Rappelez-vous qu’en 2016, Trump a fait le déplacement à Little Haïti pour séduire l’électorat haïtien. Il avait en plus pu bénéficier d’une image défavorable de Hillary Clinton auprès de cette même communauté qui l’accusait à l’époque d’avoir mal géré l’aide de l’après-séisme de 2010, mais surtout d’avoir favorisé la mise en place du chanteur Michel Martelly au pouvoir. Si au final, la communauté haïtienne n’a pas voté massivement pour Trump, surtout que les comtés de Miami-Dade et de Broward sont restés dans le giron des démocrates, les quelques voix que Trump a pu glaner grâce à son déplacement à Little Haïti ont certainement été précieuses. Comme quoi, parfois, il suffit de pas grand-chose pour changer le cours de l’histoire, surtout que les sondages donnaient à l’époque Trump grand perdant de l’élection.
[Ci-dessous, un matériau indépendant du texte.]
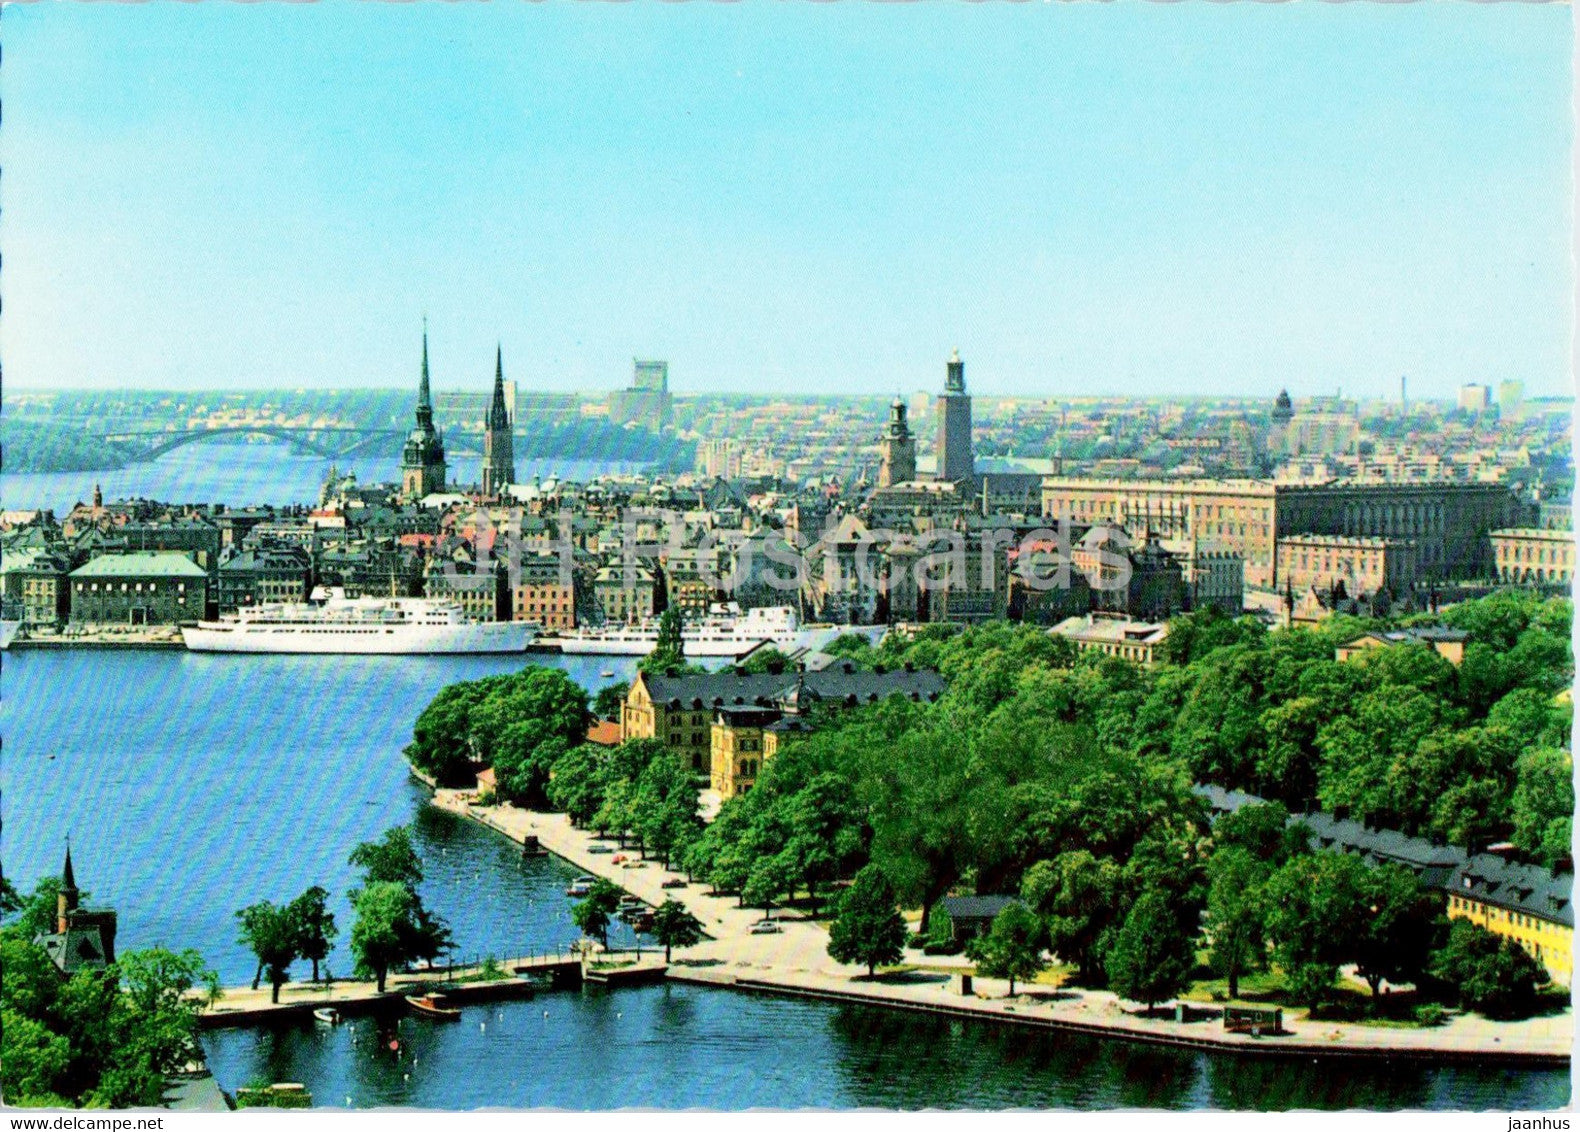 Stockholm - Utskit mot Gamla stan - Look out towards the Old Town - Sweden - unused - JH Postcards

Récemment, le Miami Herald a publié le contenu d’une lettre confidentielle signée par 90 organisateurs où ils y critiquent la gestion de la direction locale du parti. À quelques mois de la date fatidique, cette mini-fronde fait désordre. Si les ténors démocrates ne s’en occupent pas dès maintenant, elle pourrait finir par s’étendre et faire tâche d’huile. Or, ce n’est surtout pas le moment de démobiliser l’électorat démocrate si chèrement acquis, notamment au sein de la communauté haïtienne. Cette dernière attend toujours que Biden vienne lui faire des propositions, surtout qu’elle a subi de plein fouet la crise économique engendrée par la Covid-19, à l’instar de l’ensemble de la population floridienne. Ce qui est sûr, c’est que les prochaines semaines seront décisives. L’équipe Biden devrait dès maintenant commencer à s’intéresser aux préoccupations des Haïtiens de Floride et ne pas penser que leur vote est acquis à l’avance. La bonne nouvelle est que Biden a recruté des personnes d’origine haïtienne dans son équipe rapprochée de campagne. On pense notamment à Karine Jean-Pierre qui a été nommée conseillère principale en mai dernier. Plus localement, c’est le physicien d’origine haïtienne Larry Pierre qui a été nommé chef de groupe des votants de la communauté caribéenne de Miami. En attendant de nommer son colistier, Biden doit envoyer un signal fort à la communauté haïtienne. Il est important aussi pour l’équipe de campagne locale de recruter des hommes et des femmes qui connaissent la réalité du terrain et sont proches d’eux. Autrement, c’est le scénario de 2016 qui risque de se répéter. Les démocrates ne pourront pas dire cette fois qu’ils n’ont pas été prévenus.